One morning after a rainy night, I stand by the window, staring at the white crystals on the rock, then call in to take the day off and board the bus to Icheon. Uncle doesn’t like it when I visit, but it’s my duty as his guardian, as recorded on the hospital forms. Will he feel a little better if I tell him there’s no such thing as dead salt, that his beliefs are wrong? As we merge onto Jungbu Highway, the raindrops, mixed with snow pellets, slash across the windshield.

Uncle’s the one who told me that salt wasn’t just a mineral, but Chef’s the one who taught me salt’s abilities. Salt retains vegetables’ vivid colors when parboiling, removes astringency from salad greens, freezes ice cream, quickly cools boiling water, maintains the freshness of cut flowers, removes stains on clothing, alleviates pain in your neck, is an ingredient in soap. But the most important thing salt can do is cure fish and meat. Without salt, they’re the first to go bad. During the salt-curing class, Chef brought out a small, oily herring with a single dorsal fin and a split tail. The herring is washed, its stomach is sliced, its innards removed. It’s washed again, then a fistful of salt is sprinkled all over it. When moisture breaks through the surface, the tail of the fish is grabbed and it’s shaken in the air once, followed by another liberal sprinkling of salt. No matter how much herring you have, all of this must be done in half a day. Herring is oily, so you can maintain its freshness only if you salt it within two days of capture. Since it has to go through distribution channels, once you have a herring in your hands, the first thing you have to do is quickly salt it.
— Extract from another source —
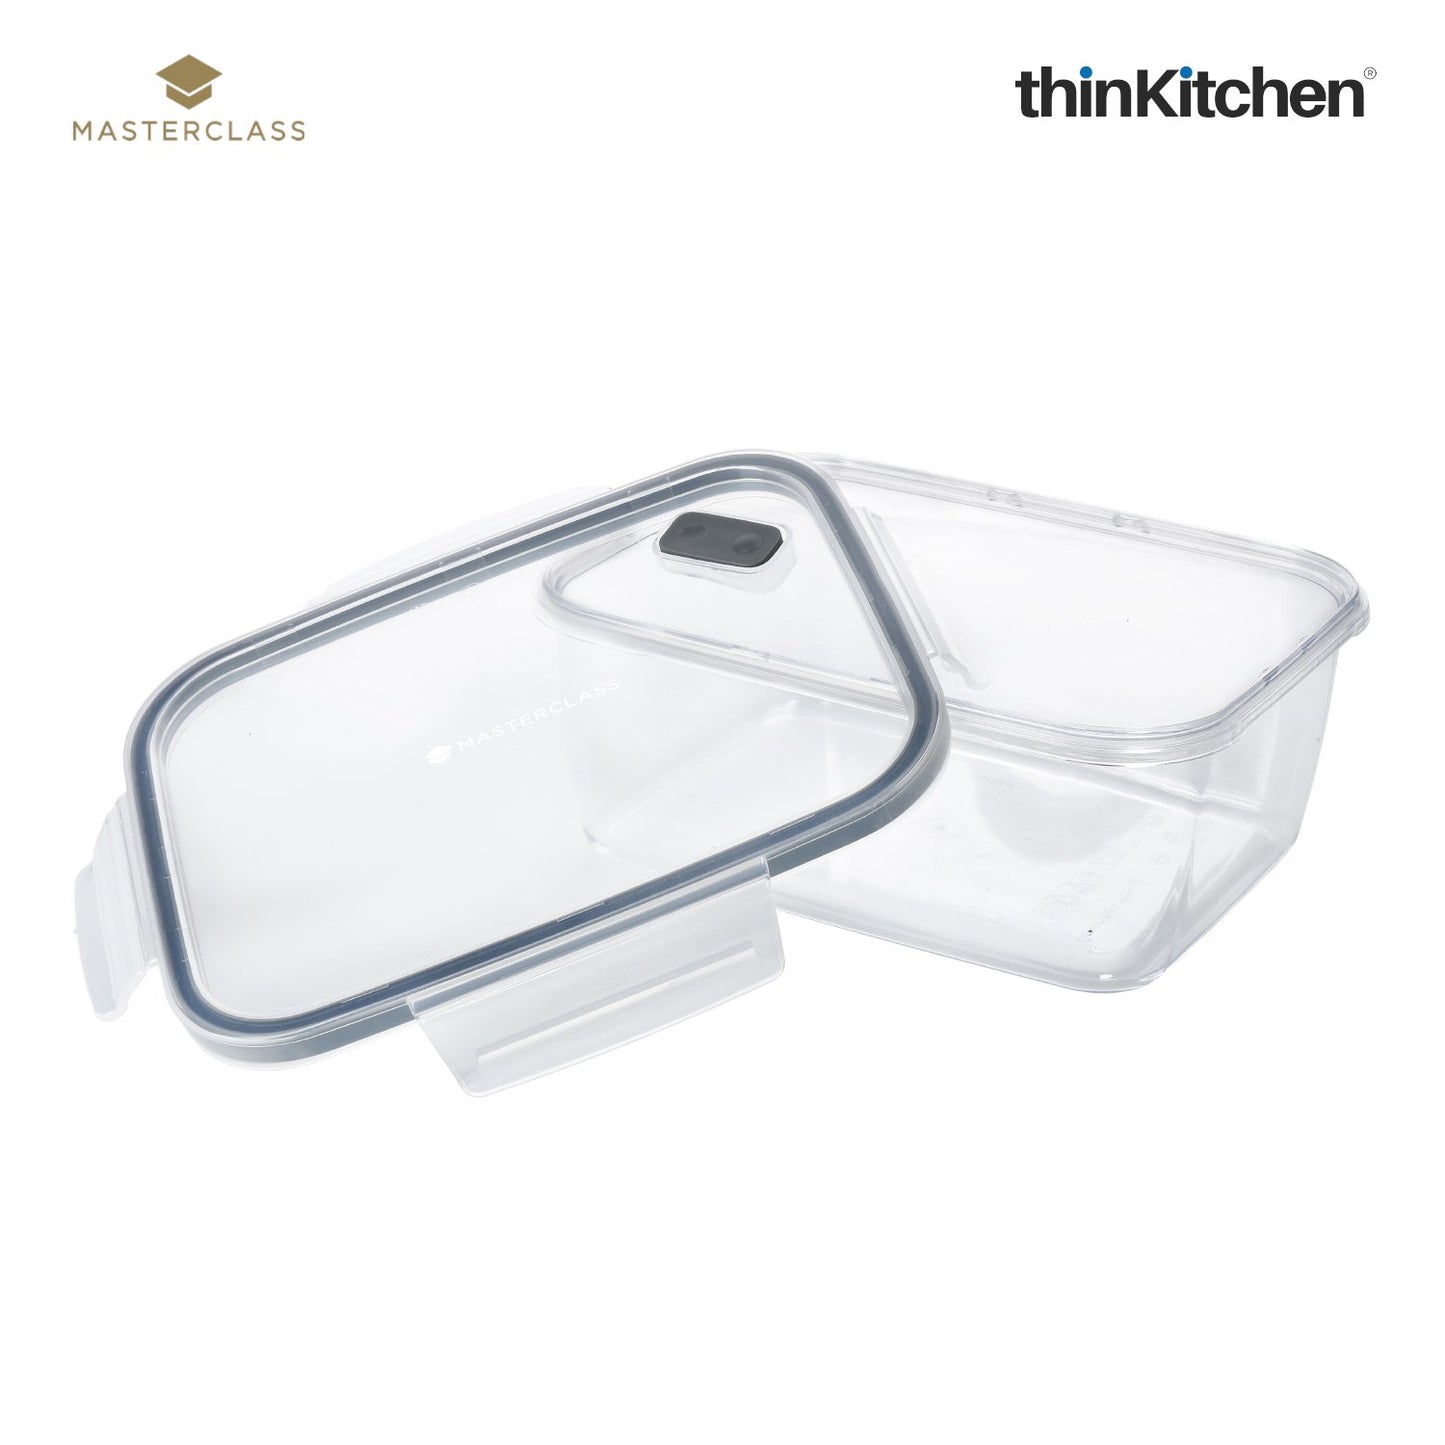 Masterclass Recycled Eco Snap Food Storage Container Rectangular 800ml

Salt is a blessing as well as an instrument that supposedly wards off evil, used in a ceremony where one places a grain of it on a baby’s tongue. If cooks are given a not-so-stellar ingredient, first they salt it, then they figure out what to do with it.

During my stint at Won’s Kitchen, I made food for photographic purposes, to accompany interviews with newspapers and magazines. I was often asked which ingredient I most cherished, and every time I would open the wine cooler next to my oversized refrigerator and show them. When we built this kitchen, we’d poured our hearts and souls into the U-shaped marble counter with a hole cut in the middle, through which I could sweep in garbage—but the items I chose with the most deliberation were the fridge and the wine cooler. They were also the most expensive. I kept my salt in that wine cooler.